WHAT IS EXPECTED: No pictures belong in the copy. Reproduce exactly the lines beginning at the line containing "Modest, simple and" and continuing to the end of the entries below.

DATA PROVIDED:
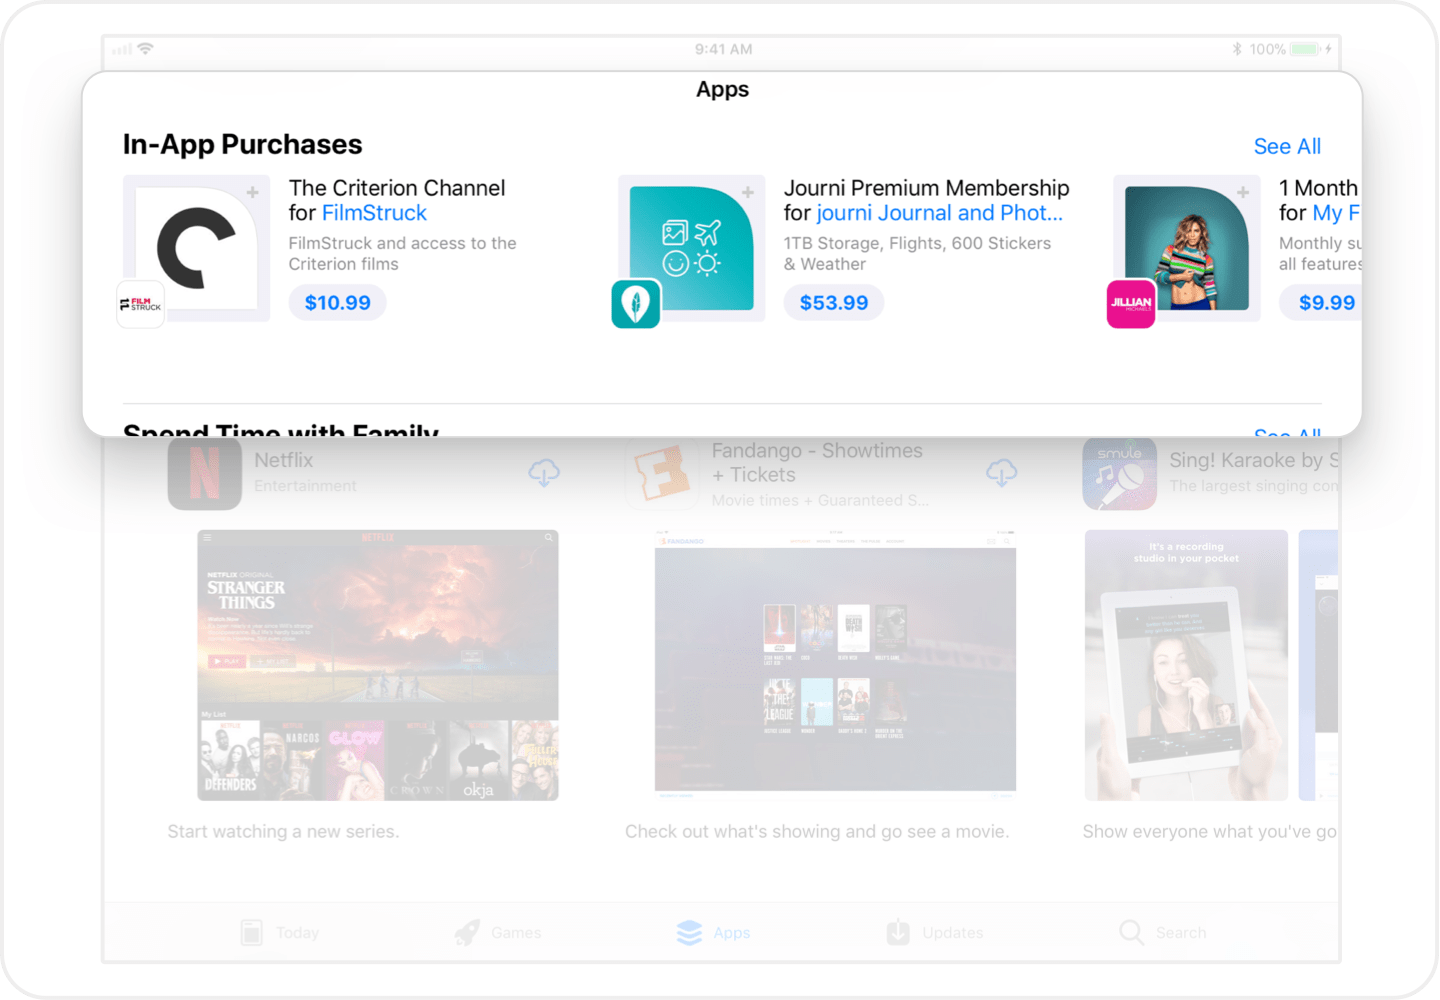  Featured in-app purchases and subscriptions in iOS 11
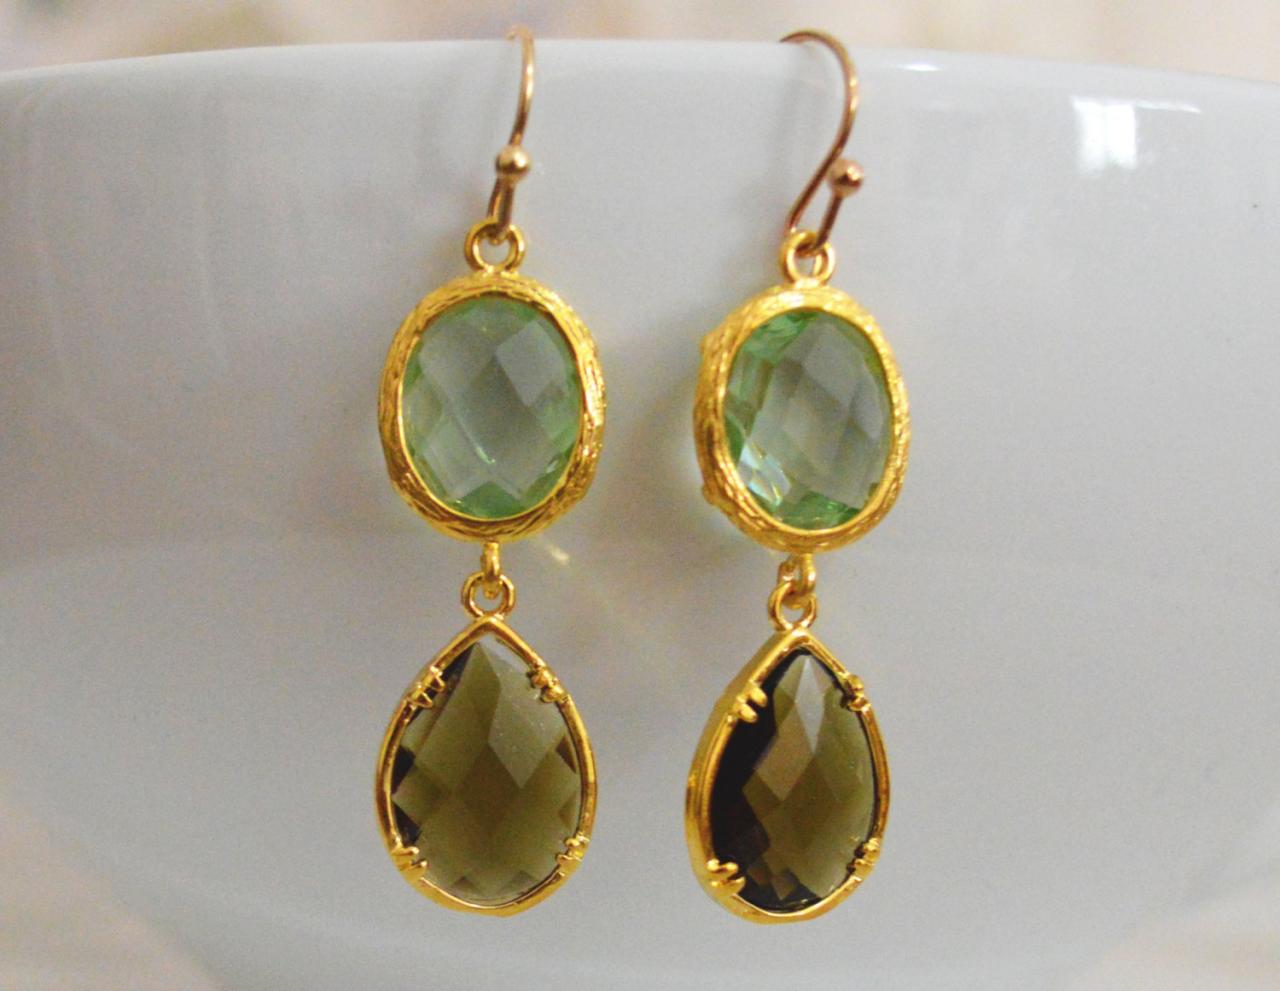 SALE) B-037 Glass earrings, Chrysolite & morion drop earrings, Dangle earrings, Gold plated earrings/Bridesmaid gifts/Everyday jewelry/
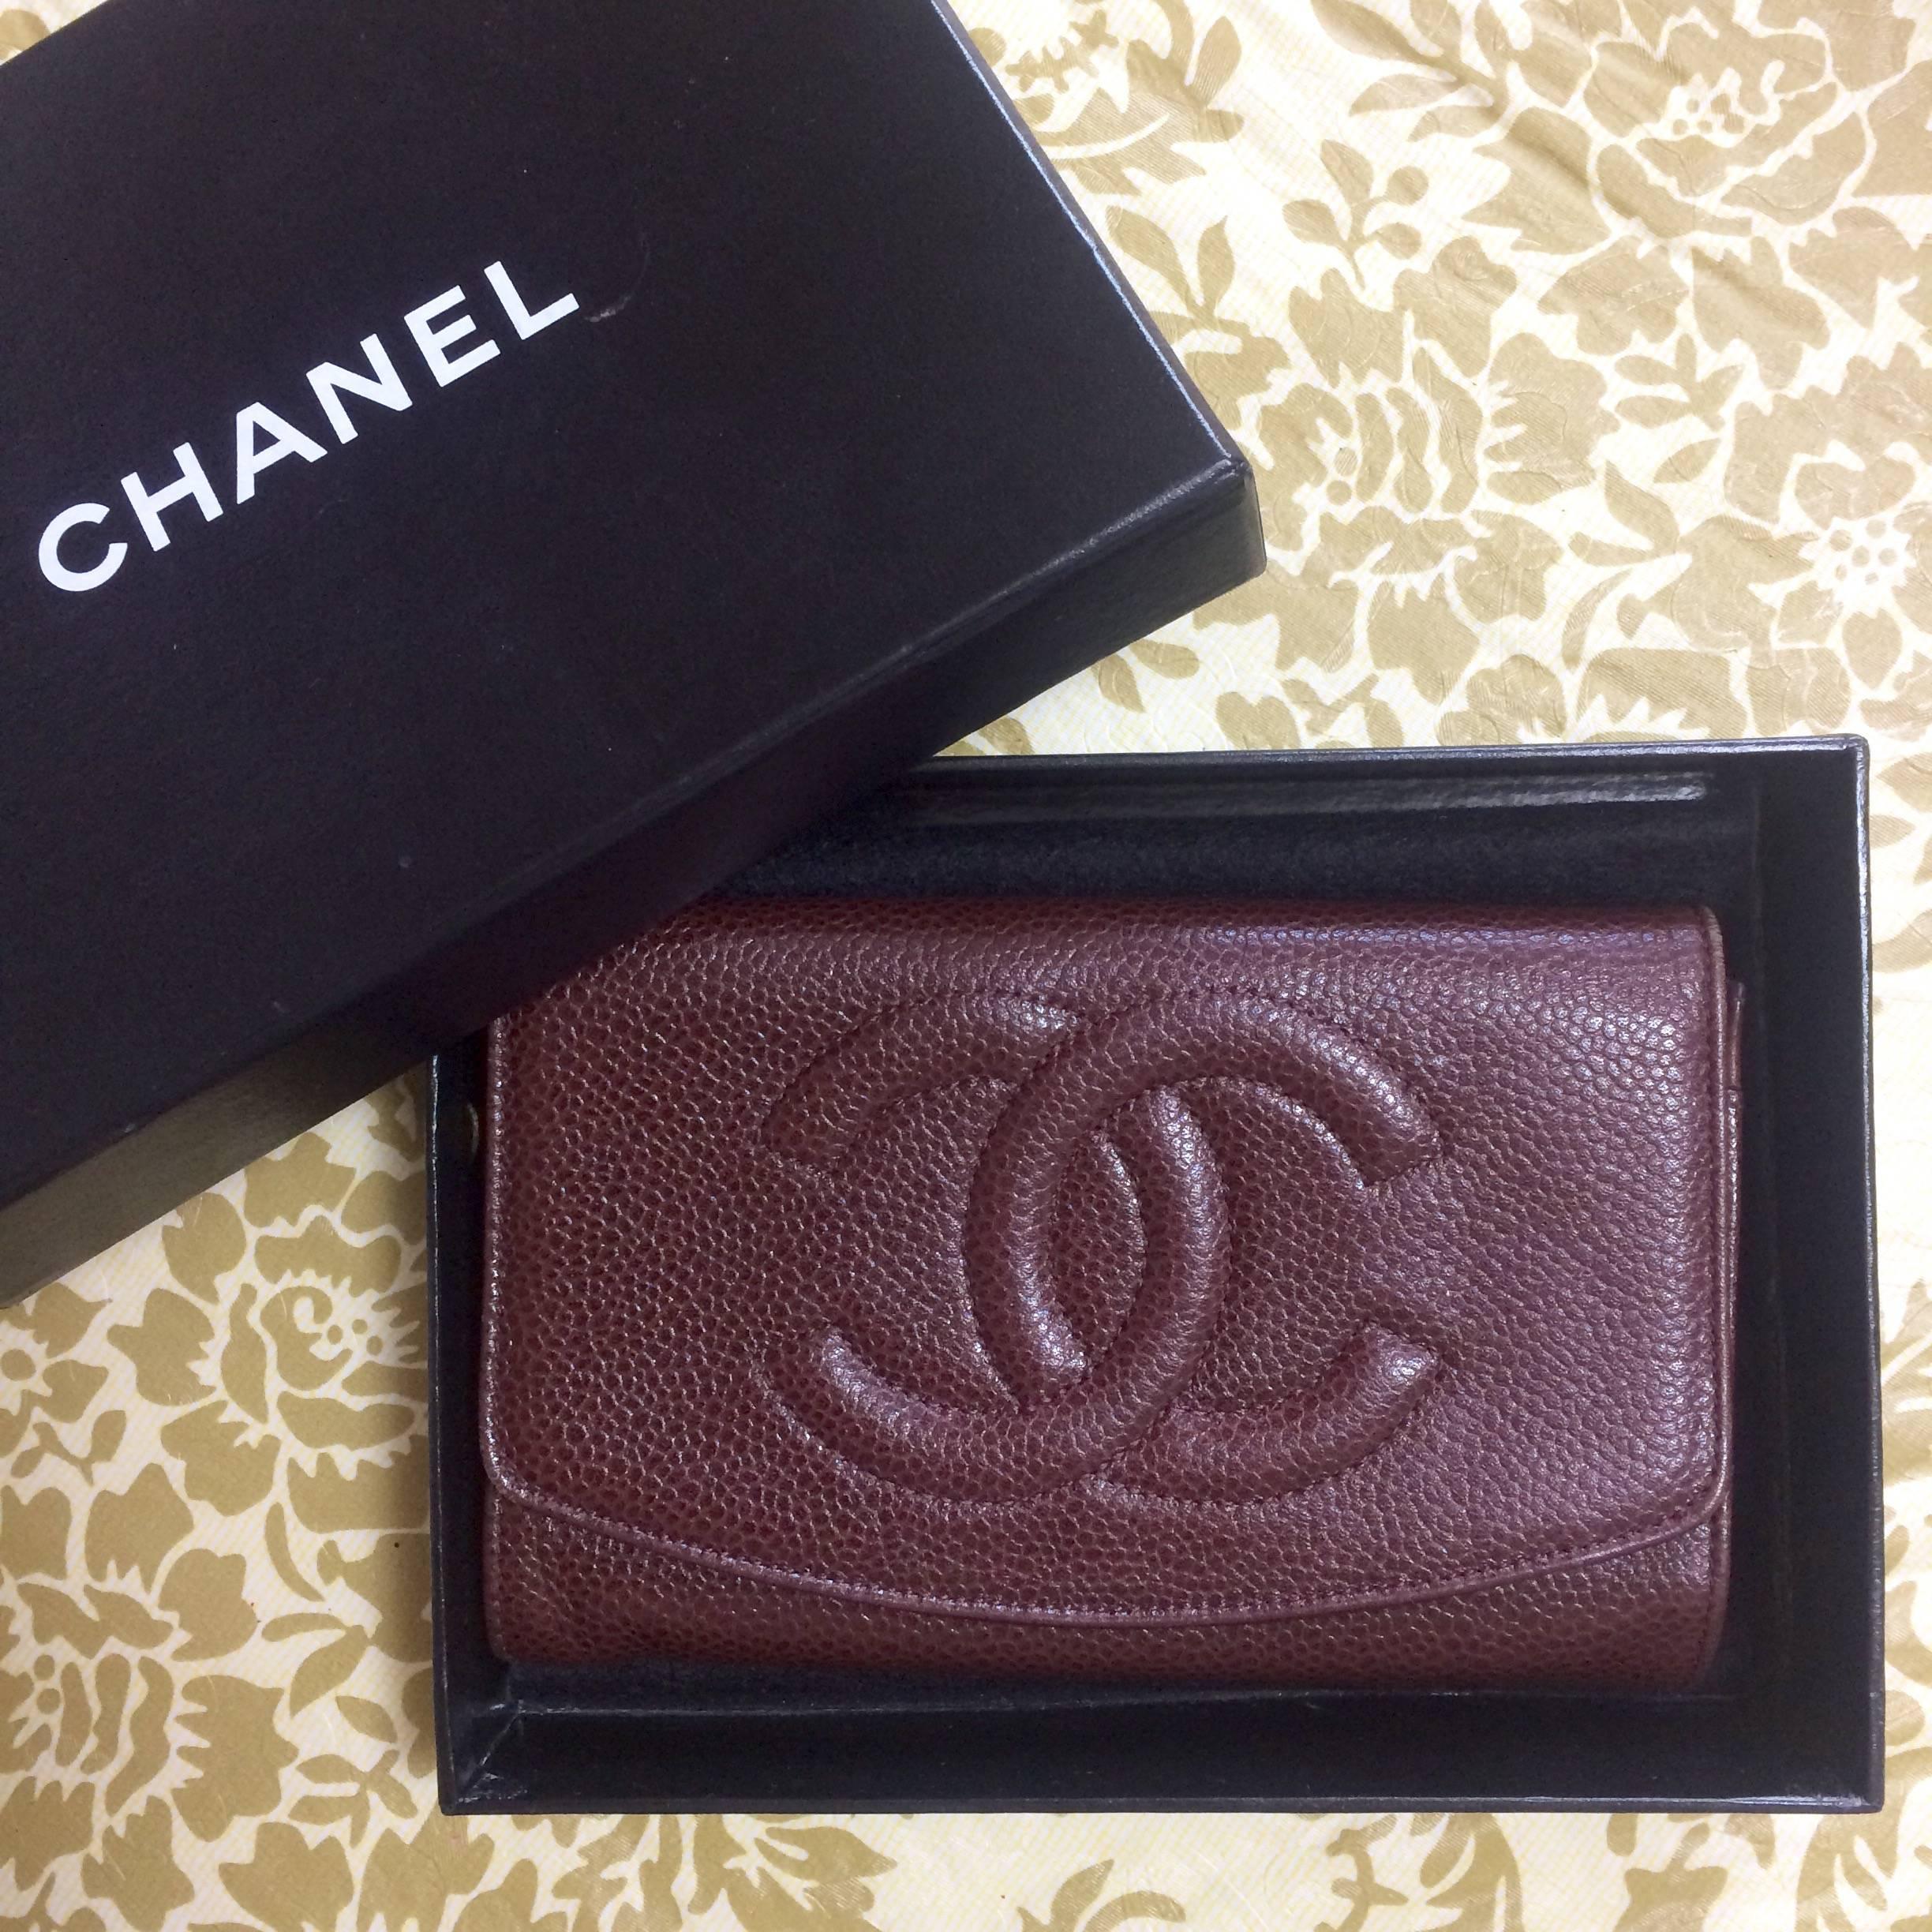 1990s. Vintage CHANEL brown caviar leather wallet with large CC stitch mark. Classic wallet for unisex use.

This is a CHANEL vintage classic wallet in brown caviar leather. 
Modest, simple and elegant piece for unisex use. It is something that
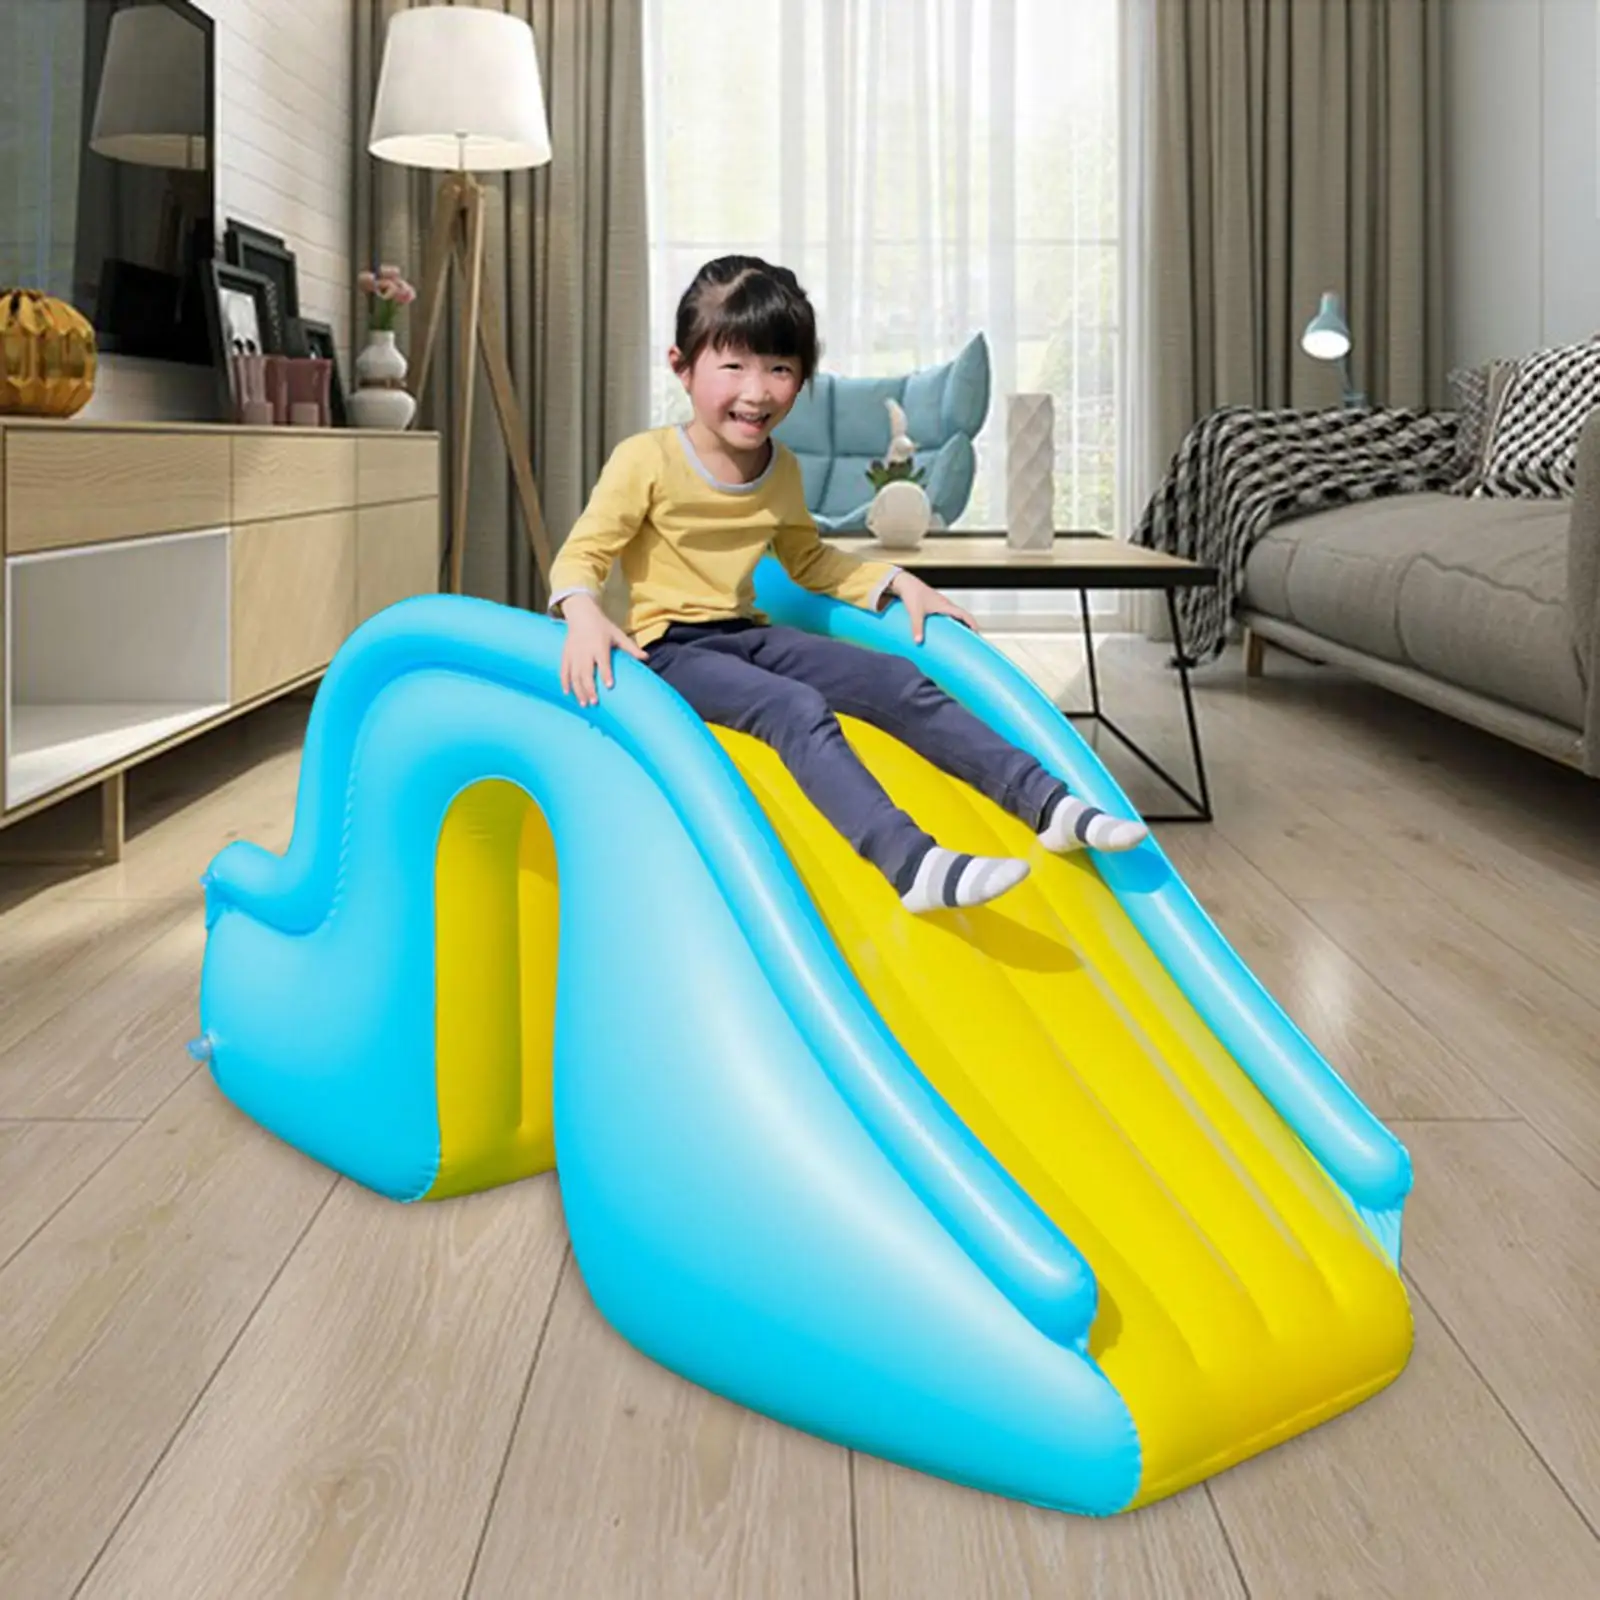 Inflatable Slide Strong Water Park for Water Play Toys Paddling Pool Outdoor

WRITTEN SOLUTION:
Modest, simple and elegant piece for unisex use. It is something that
 Inflatable Slide Strong Water Park for Water Play Toys Paddling Pool Outdoor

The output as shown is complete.